Sherilee Diebold-Cooze sdiebold at uwaterloo.ca
Fri Mar 21 09:49:33 EDT 2014


The Department of Sociology and Legal Studies at the University of Waterloo and
the International Migration Research Centre

present


Anti-mobility politics and tactical migration:
visibility, legibility and suspension


Michael Collyer

Monday, March 24, 2013
11 a.m. in Room 143
Balsillie School of International Affairs

Michael Collyer is a Senior Lecturer in Geography at the University of Sussex, where he is also affiliated with the Sussex Centre for Migration Research.

Presentation Abstract
Over the last few years a politics of anti-mobility has been apparent in approaches to migration across the European Union, but particularly in the UK. Drawing on established approaches to visibility and legibility in analysis of state action, this paper argues that these recent developments highlight how the goal of the state is not the visibility of undocumented migrants but their legibility to state institutions.
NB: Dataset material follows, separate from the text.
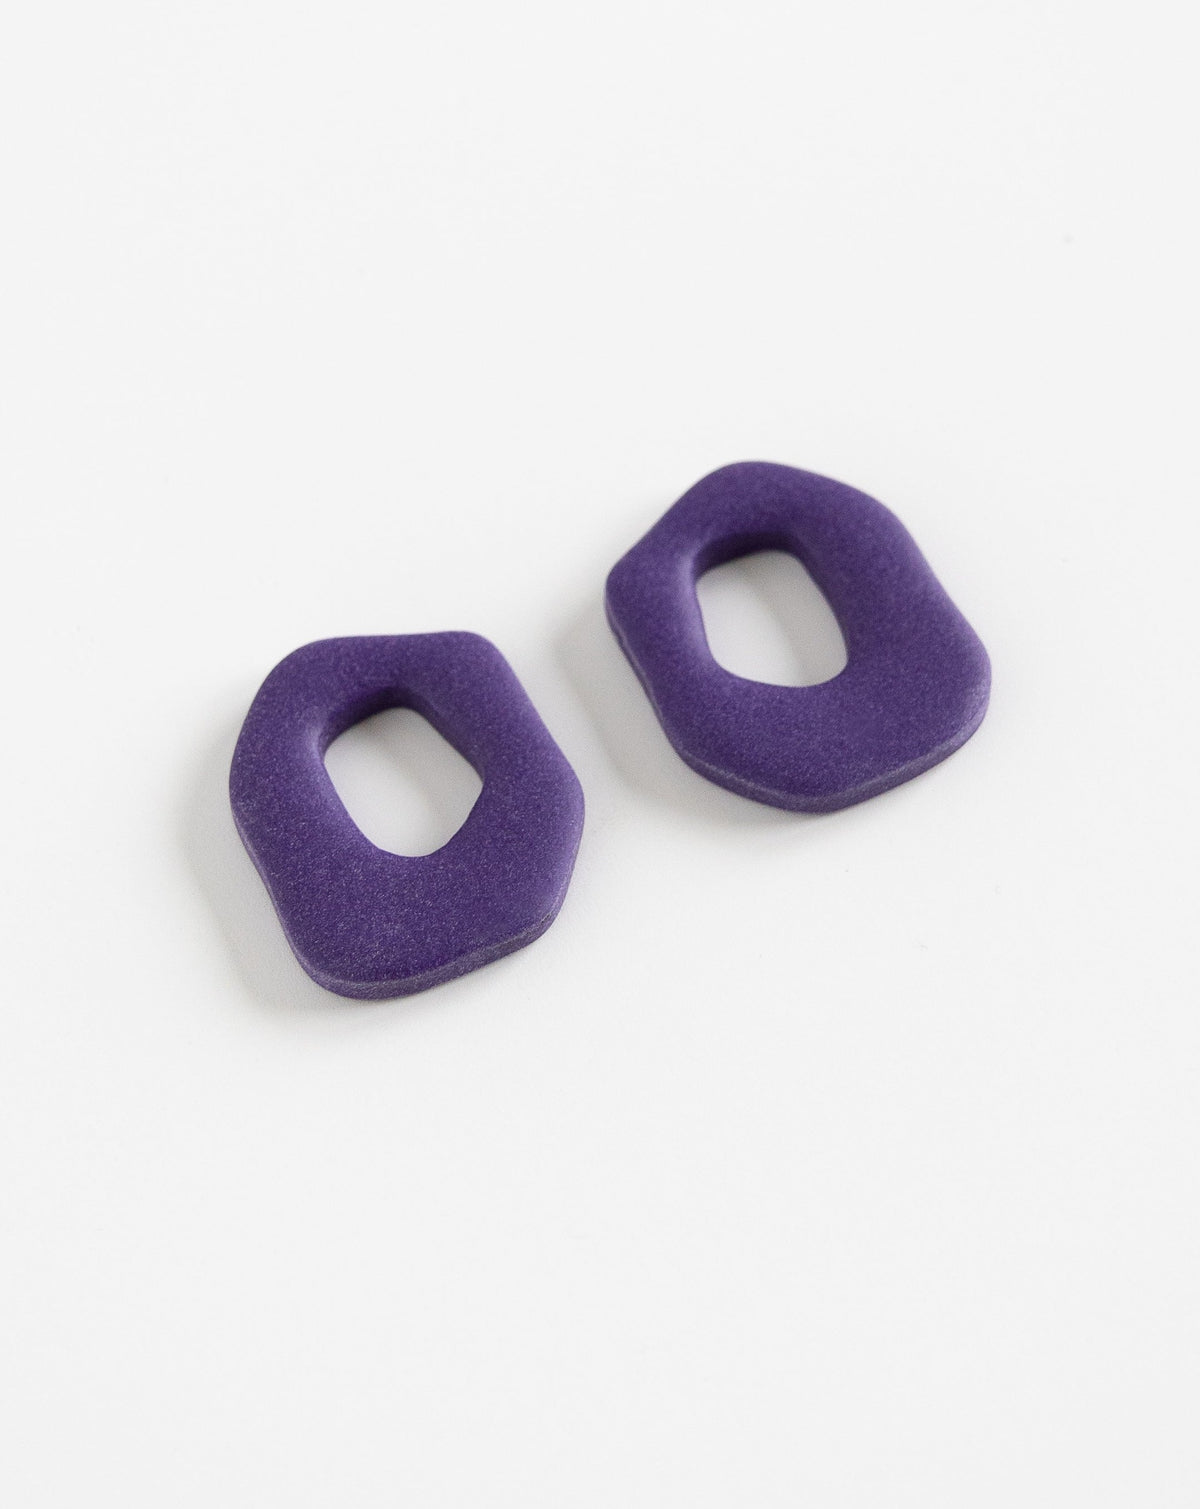 Close up of Darien Beads in Purple color, angled view

The paper then turns to empirical material from the end of the conflict in Sri Lanka, applying this framework to internal migration from the north and east of the country to the capital, which was met with a similar anti-mobility response. Extensive interview and survey data with migrants to Colombo allows an investigation of migrants' responses to this securitized approach. Although migrants' responses are highly disempowered they are far from passive. Indeed, migrants' responses can be read as highly tactical, playing on an intimate understanding of the key dialectic between visibility and legibility that they witness in state attempts to control mobility. In relatively few cases, migrants are visible but not legible to state bureaucracy leading to a suspended status of radical exclusion where human rights abuses were most frequent. This key area of concern challenges the ways in which visibility and legibility are typically seen in understandings of migration.